The upper image is courtesy of the link – Benedictus (Song of Zechariah) – in the Wikipedia article, Nativity of St. John the Baptist. The caption: “Detail of Zechariah writing down the name of his son (Domenico Ghirlandaio, 15th century, Tornabuoni Chapel, Italy).”
The “Gabriel” image is courtesy of www.nationalgallery.org.uk/paintings/gaudenzio-ferrari-the-annunciation: “The Angel Gabriel announces to the Virgin Mary that she will bear the son of God (Luke 1: 26-8). His words, ‘Hail Mary full of Grace, the Lord be with you,’ appear in abbreviated form in Latin on the scroll.” Thus Gabriel appeared to both Elizabeth and Mary.
The “news flash” image is courtesy of www.dralionkennels.com/newsflash.
The “Salome” image is courtesy of www.nationalgallery.org.uk/paintings/caravaggio: “The subject is from the New Testament [Mark 6, verses 14-29]. Salome had danced so well for King Herod that he swore he would grant her any request. Her mother, Herodias, who sought revenge on John the Baptist, persuaded Salome to ask for his head. The old woman behind Salome may be Herodias.”
The “vigor-comfort” quote is from Practical Mysticism, with advice for the “new Christian:”

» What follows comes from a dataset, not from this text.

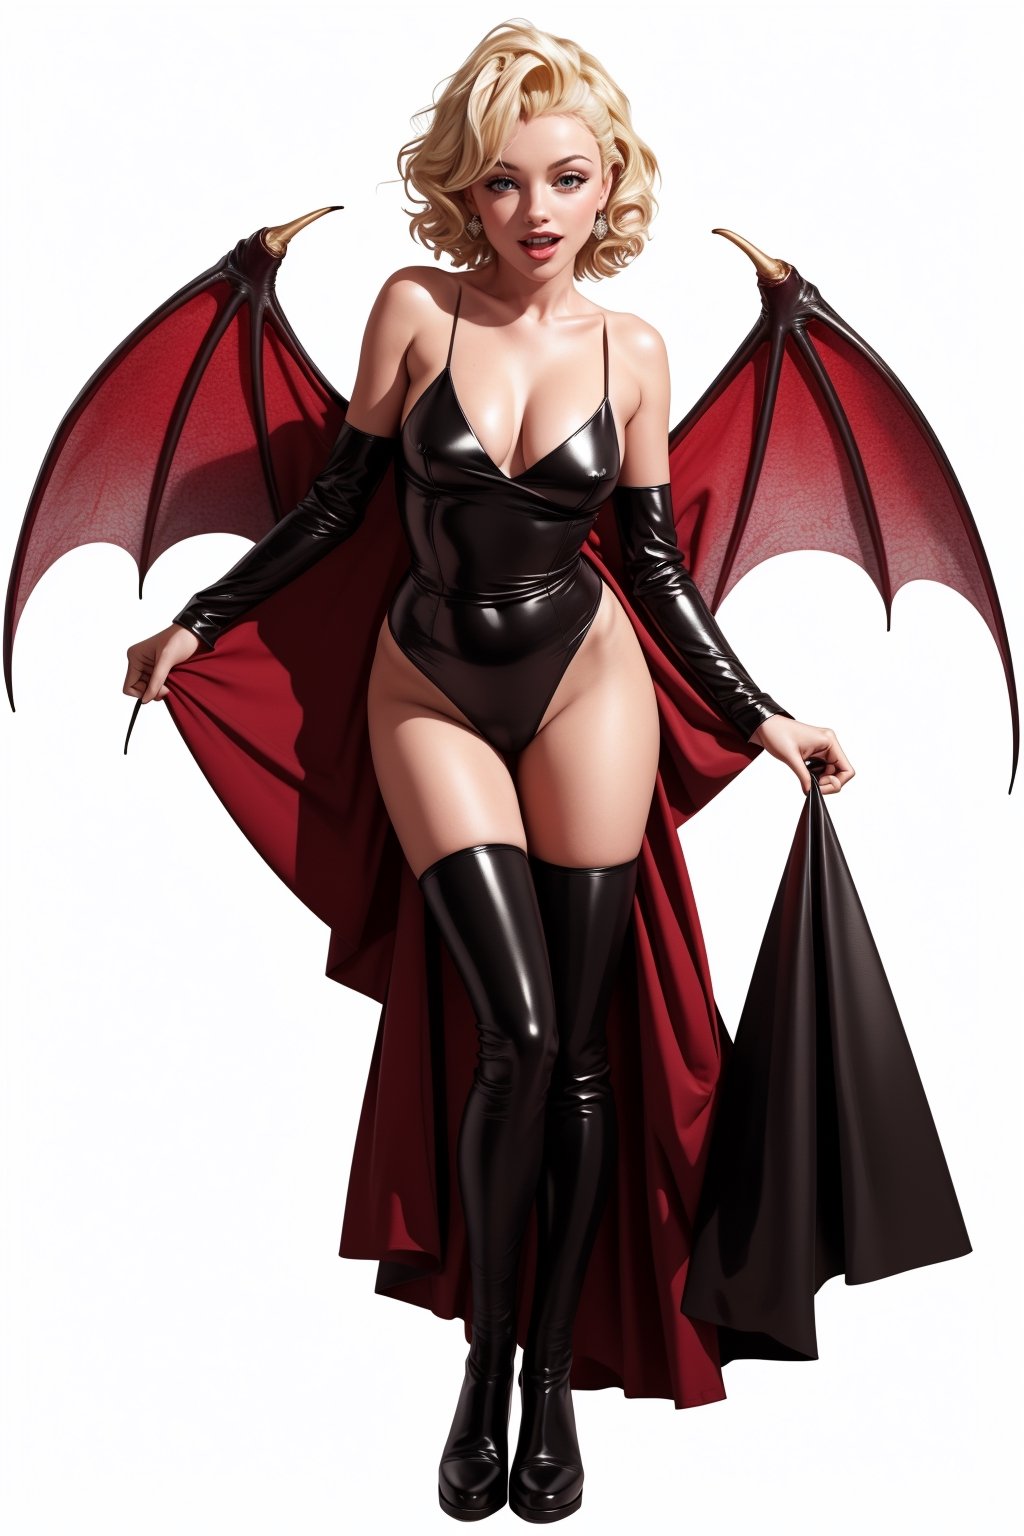 a girl ,Marilyn Monroe's classic hairstyle,perfect body,full-body_portrait,Vampire costume with fangs exposed,white background
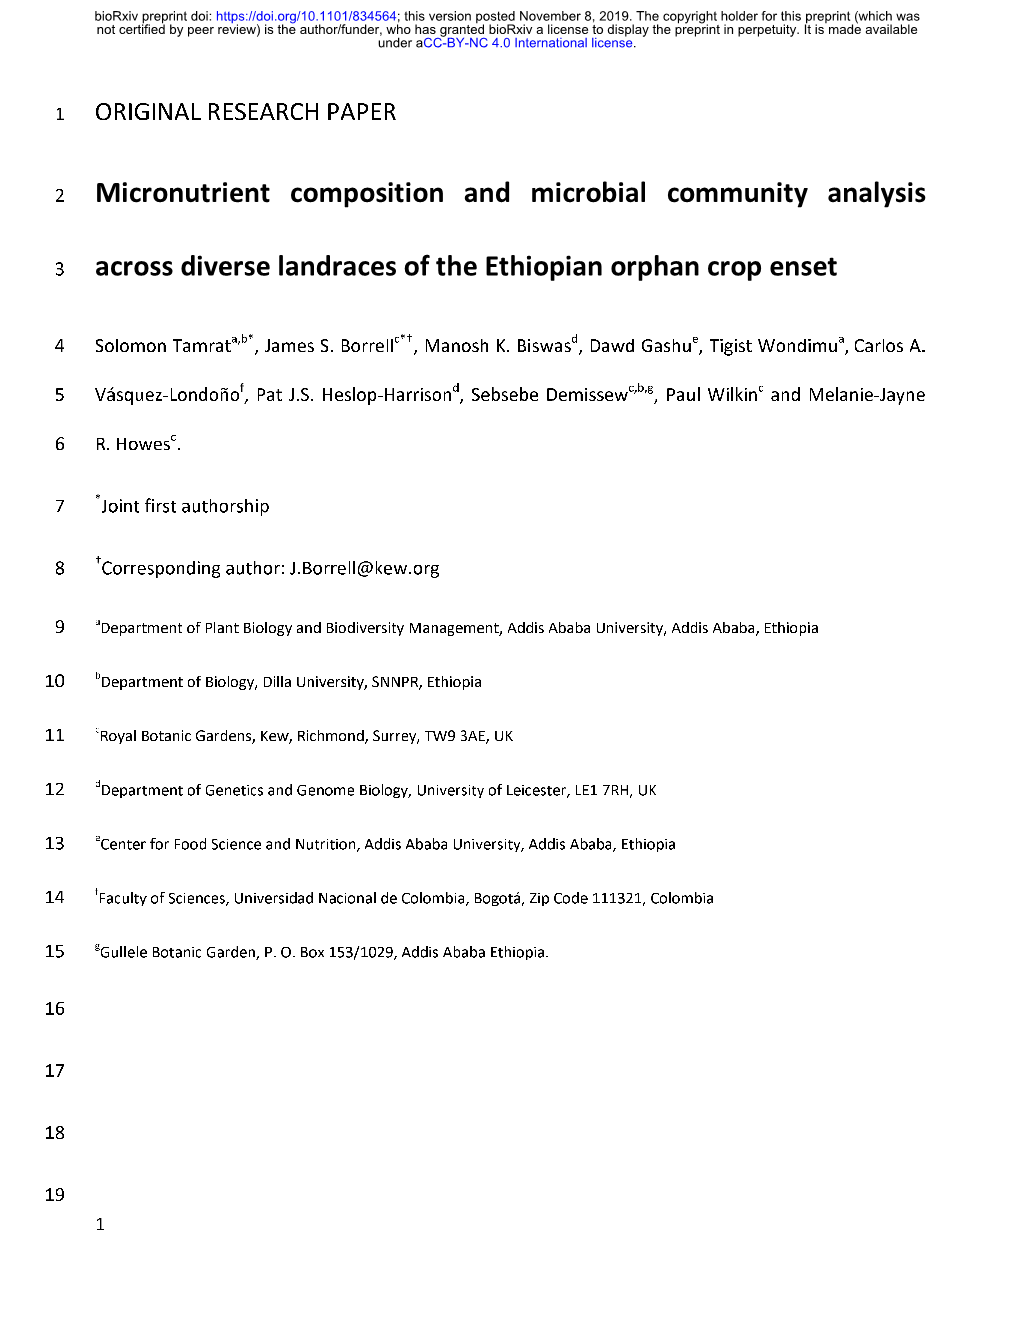 Micronutrient Composition and Microbial Community Analysis

Hearing now and again the mysterious piping of the Shepherd, you realize your own perpetual forward movement . . . and so are able to handle life with a surer hand. Do not suppose from this that your new career is to be perpetually supported by agreeable spiritual contacts, or occupy itself in the mild contemplation of the great world through which you move. True, it is said of the Shepherd that he carries the lambs in his bosom; but the sheep are expected to walk, and to put up with the bunts and blunders of the flock. It is to vigor rather than comfort that you are called. (E.A.)